## Dataset section

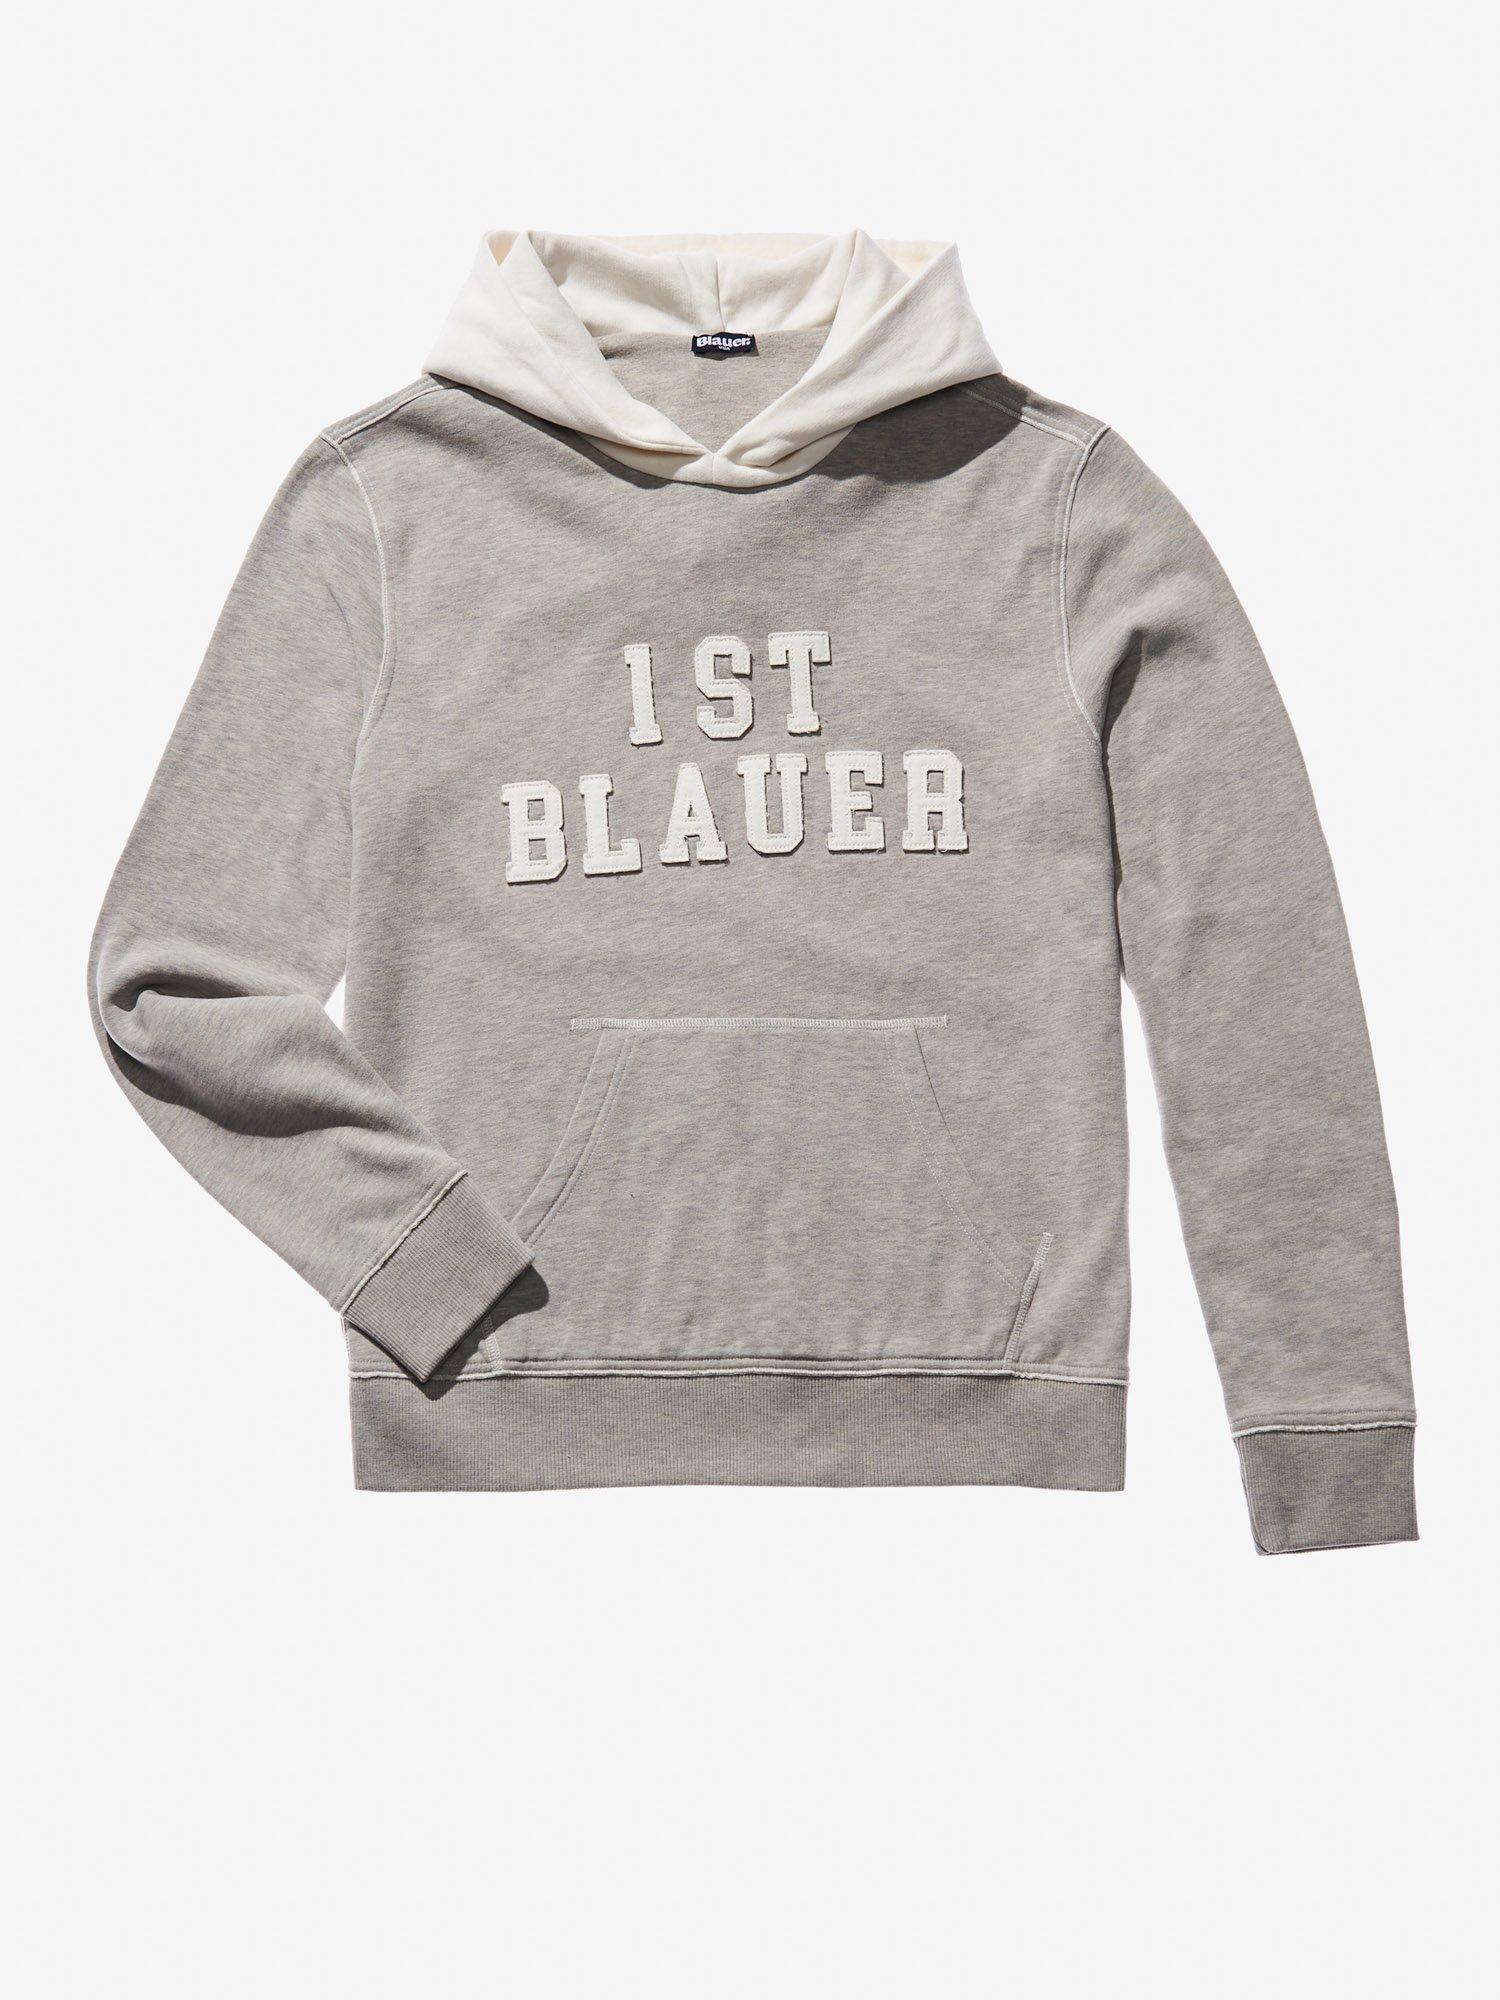 Blauer - SUDADERA CUELLO REDONDO CON BOLSILLO CANGURO - Melange Off White - Blauer
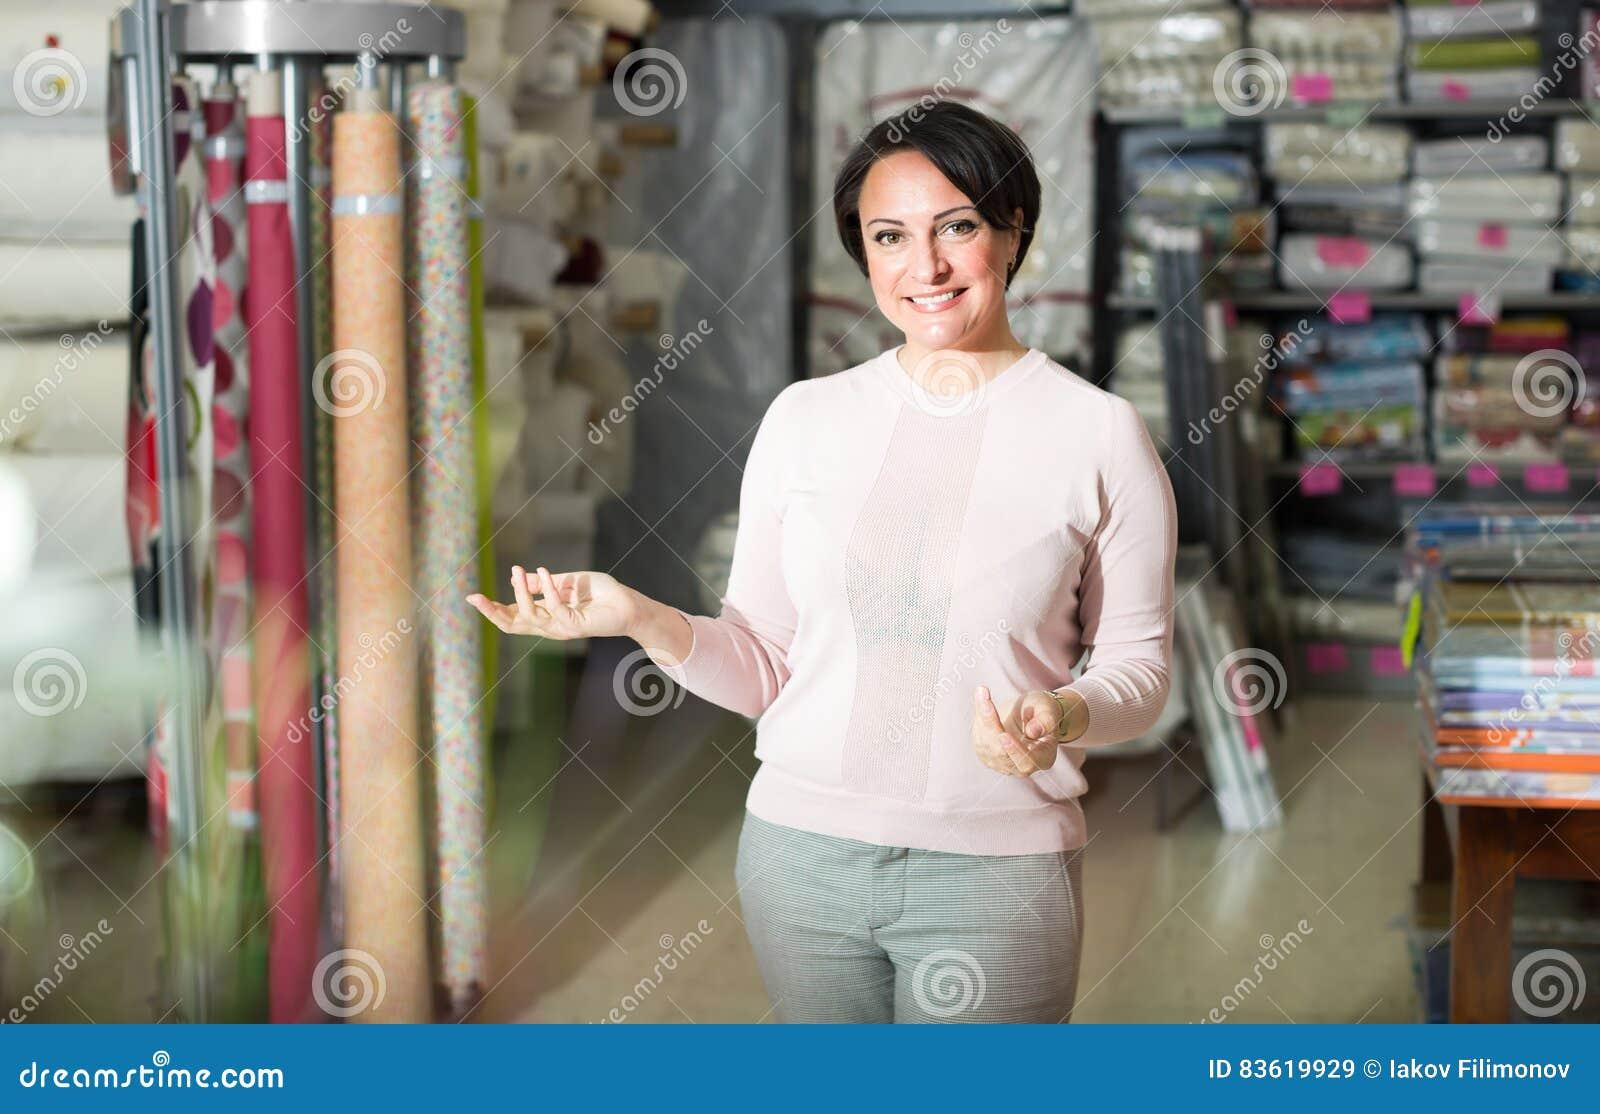 Женщина брюнет в магазине ткани
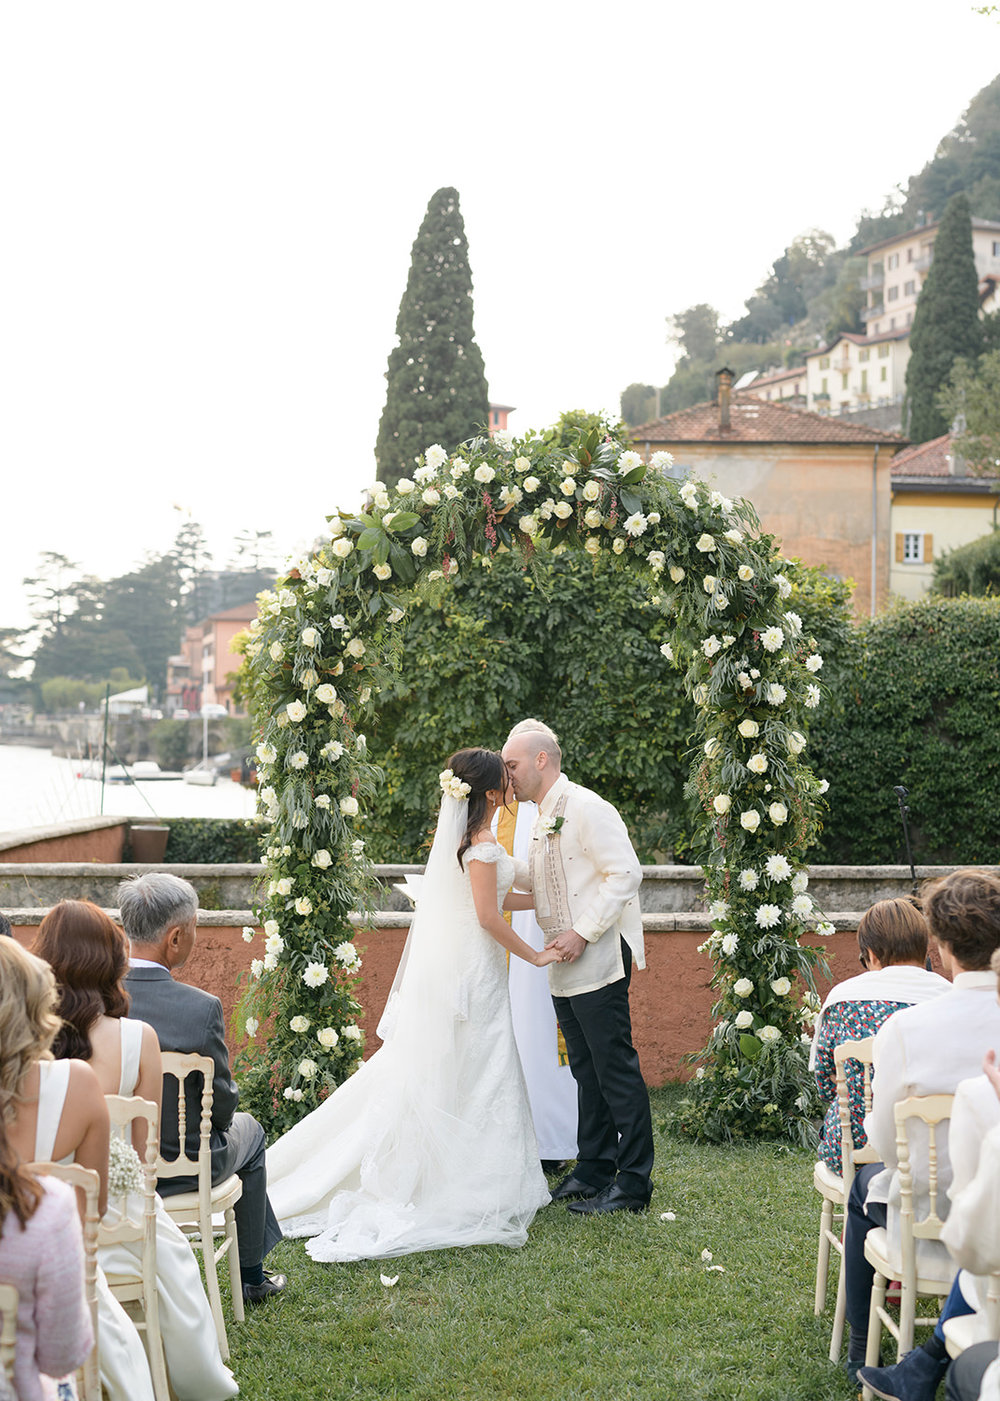 villa-regina-teodolinda-wedding-photographer-C&B-©bottega53-62.JPG
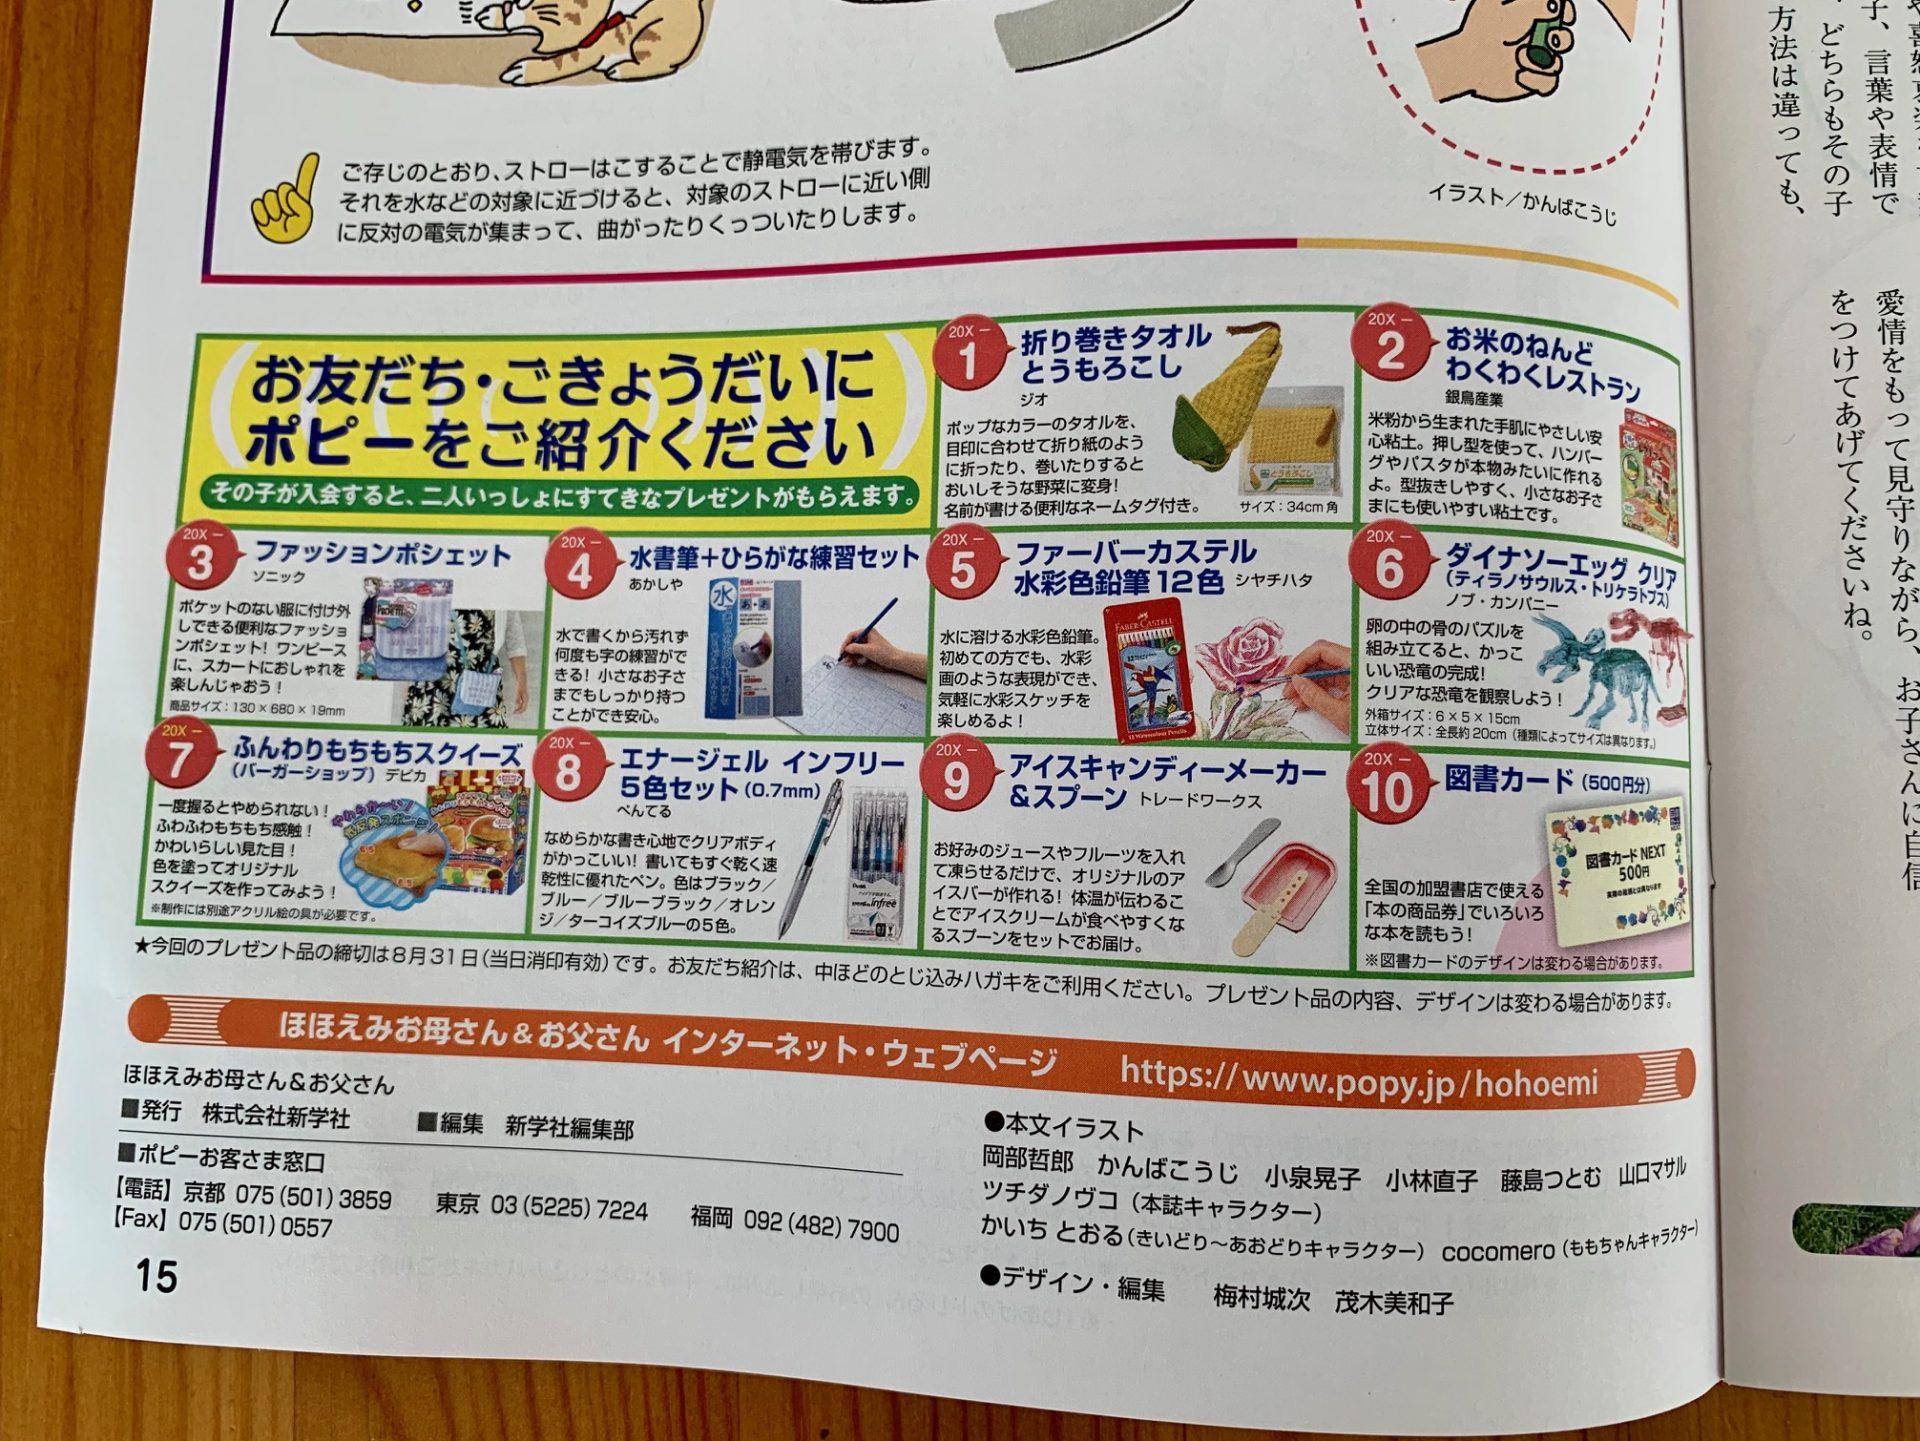 ポピー友だち紹介プレゼントの内容(2020年08月末まで)

## What the exercise asks
Line by line, return the listing above exactly, leaving out its pictures.

## Response area
 Blauer - SUDADERA CUELLO REDONDO CON BOLSILLO CANGURO - Melange Off White - Blauer
 Женщина брюнет в магазине ткани
 villa-regina-teodolinda-wedding-photographer-C&B-©bottega53-62.JPG
 ポピー友だち紹介プレゼントの内容(2020年08月末まで)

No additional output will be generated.